Comment by Hongchao Zhang [ 04/Apr/14 ]

Hi Rajesh,

The log message "(24022:0:(mdt_open.c:1497:mdt_reint_open()) @@@ OPEN & CREAT not in open replay/by_fid)" means there is no object found at MDT
for an open request without "MDS_OPEN_CREAT" flag, and it could be just created by some previous clients which could not recover with MDT correctly.
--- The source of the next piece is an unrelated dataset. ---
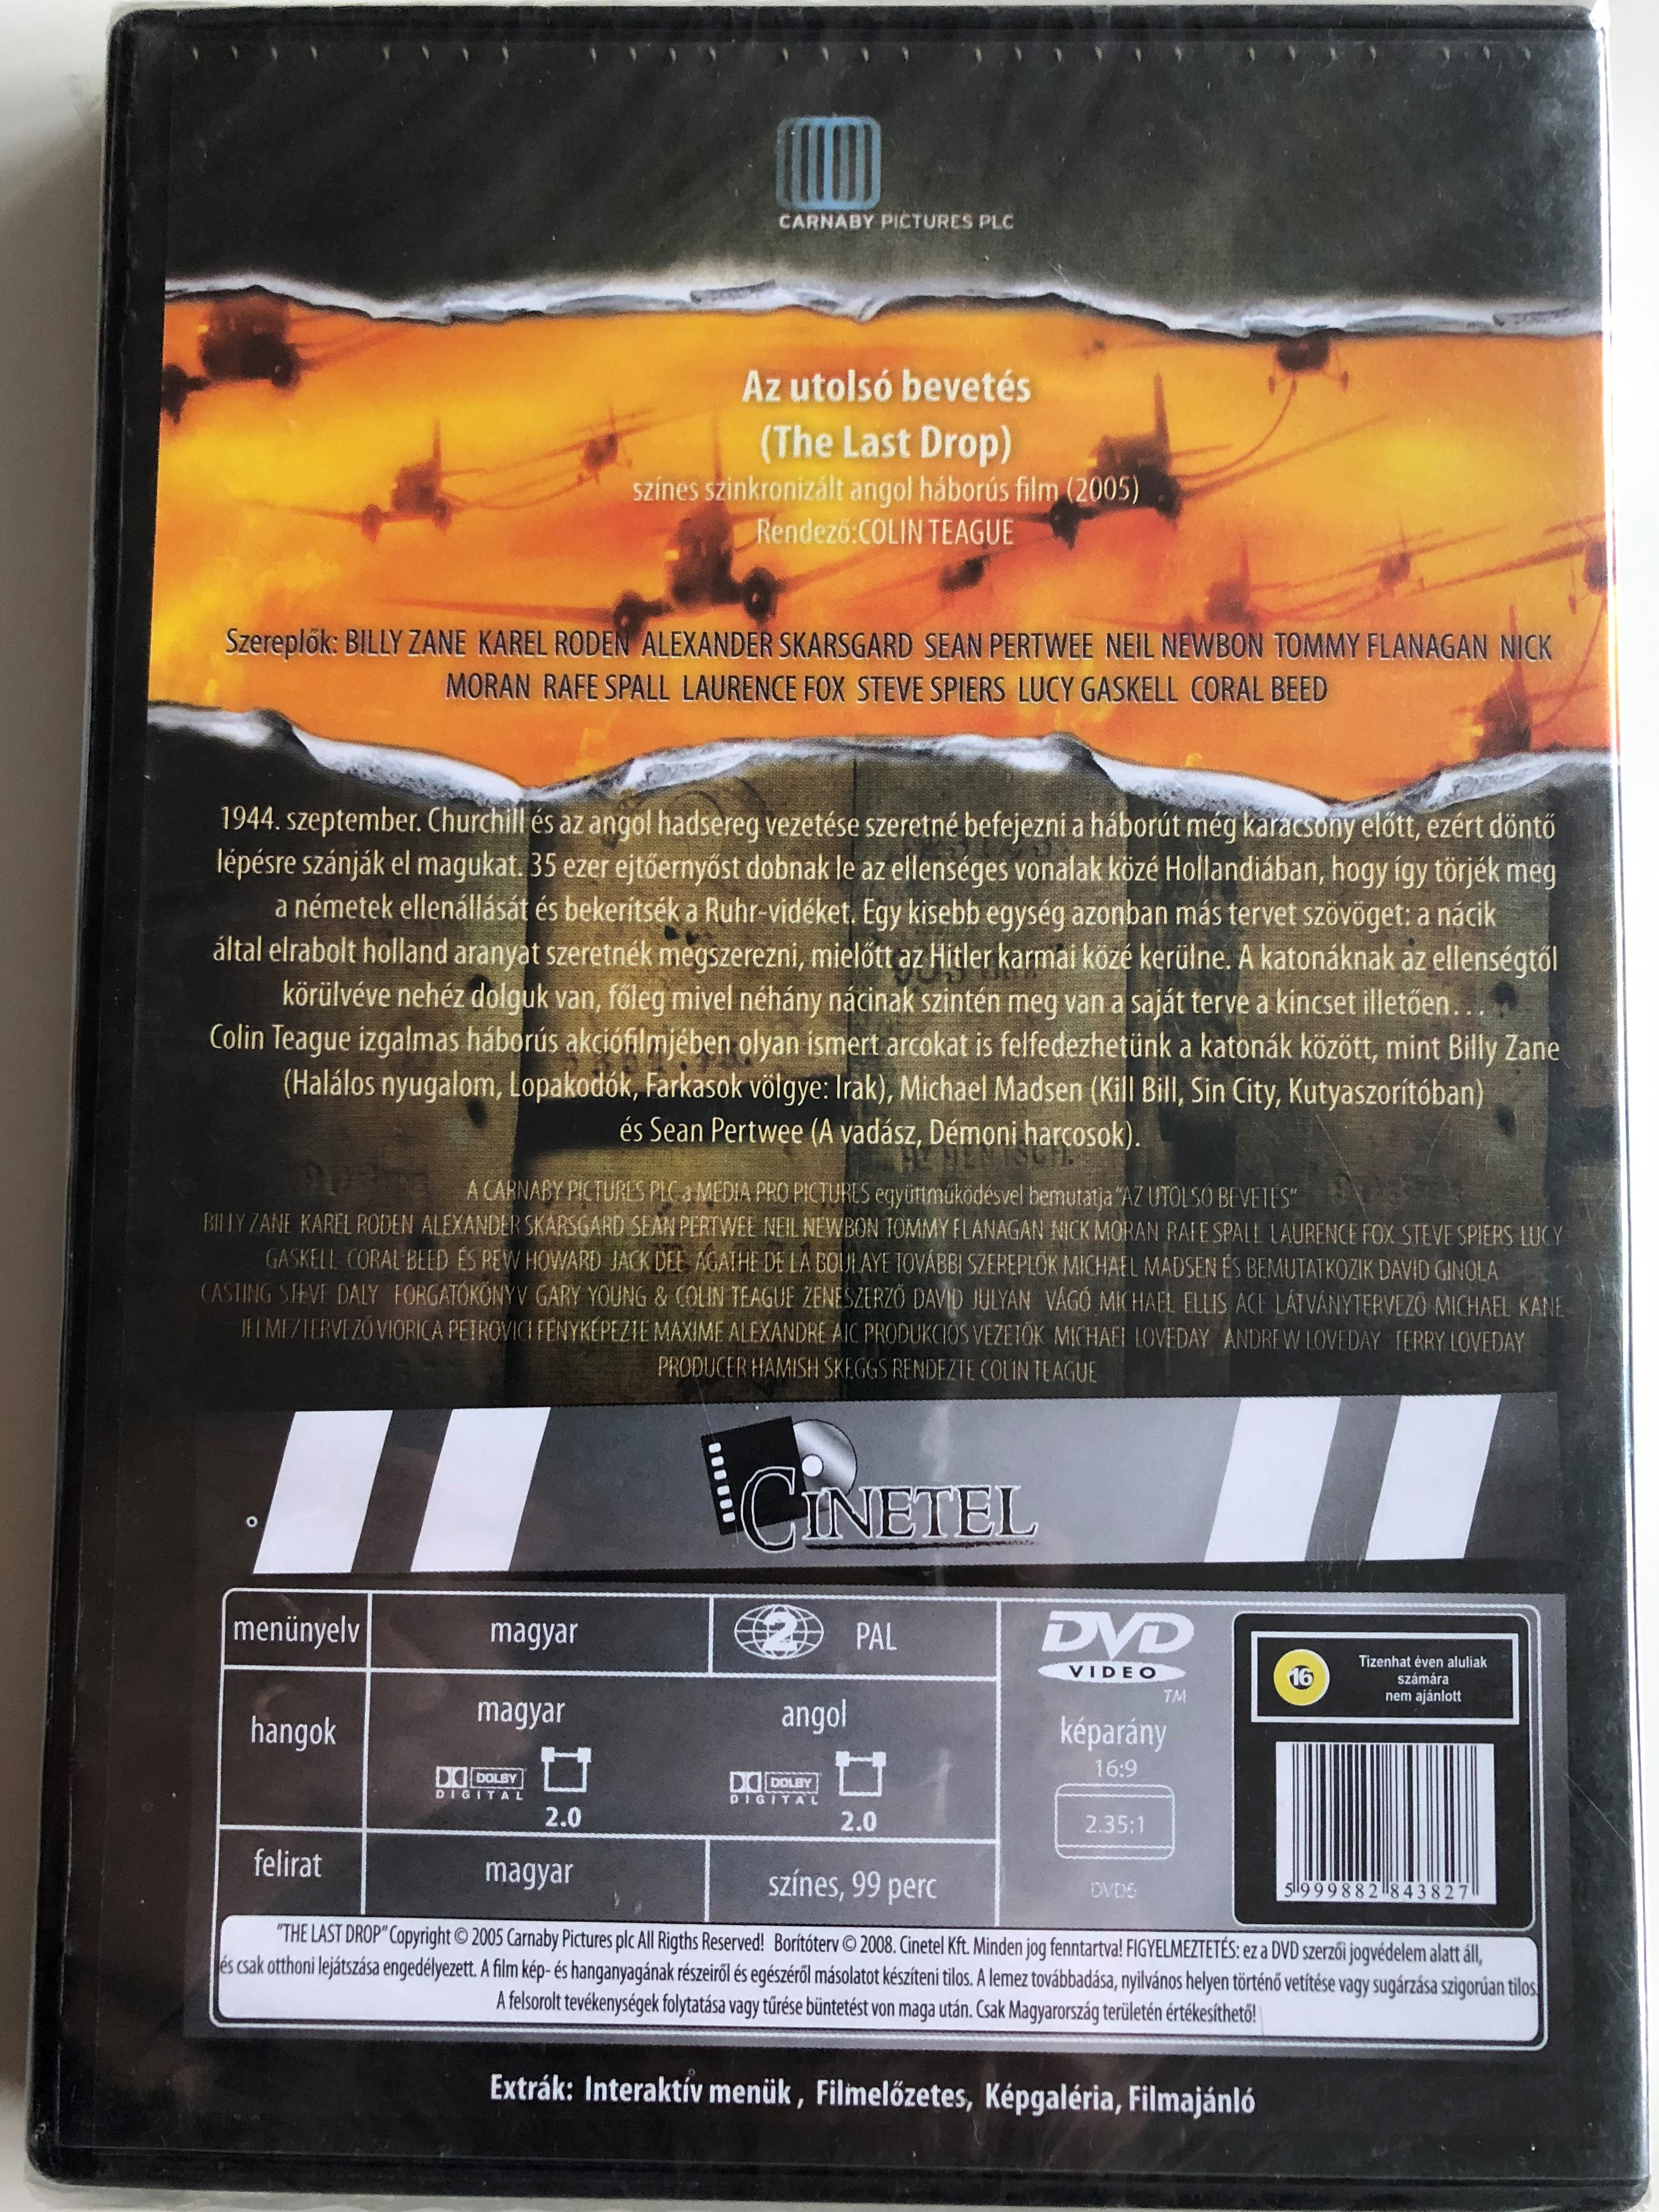 the-last-drop-dvd-az-utols-bevet-s-directed-by-colin-teague-2.jpg

Could you please attach the syslog of the MDT, the OSS and the clients?
It will be much helpful if you have also collected the debug logs of these nodes (using "lctl dk > XXX" to get it).

Thanks
Hongchao

Comment by Rajeshwaran Ganesan [ 11/Apr/14 ]

Hi

I have uploaded requested logs into the ftp.whamcloud.com under Lu-4842.

Thanks,
Rajesh

Comment by Rajeshwaran Ganesan [ 16/Apr/14 ]

Hello Hongchao,

Please give us an update and please let me know, if you need any other logs etc.

Thanks,
Rajesh

Comment by Hongchao Zhang [ 17/Apr/14 ]

Hi Rajesh,

the logs(Lu-4842/LU_logs.txt) doesn't contain error message. when did you get the debug log? it contains the logs about 50 seconds (1397232533 ~ 1397232605),
the new logs will overwrite the old logs, the value in "/proc/sys/lnet/debug_mb" is the size of log memory in megabytes, could you please enlarge it by running
"echo 'new_size' > /proc/sys/lnet/debug_mb" and get the logs just after the recovery failed.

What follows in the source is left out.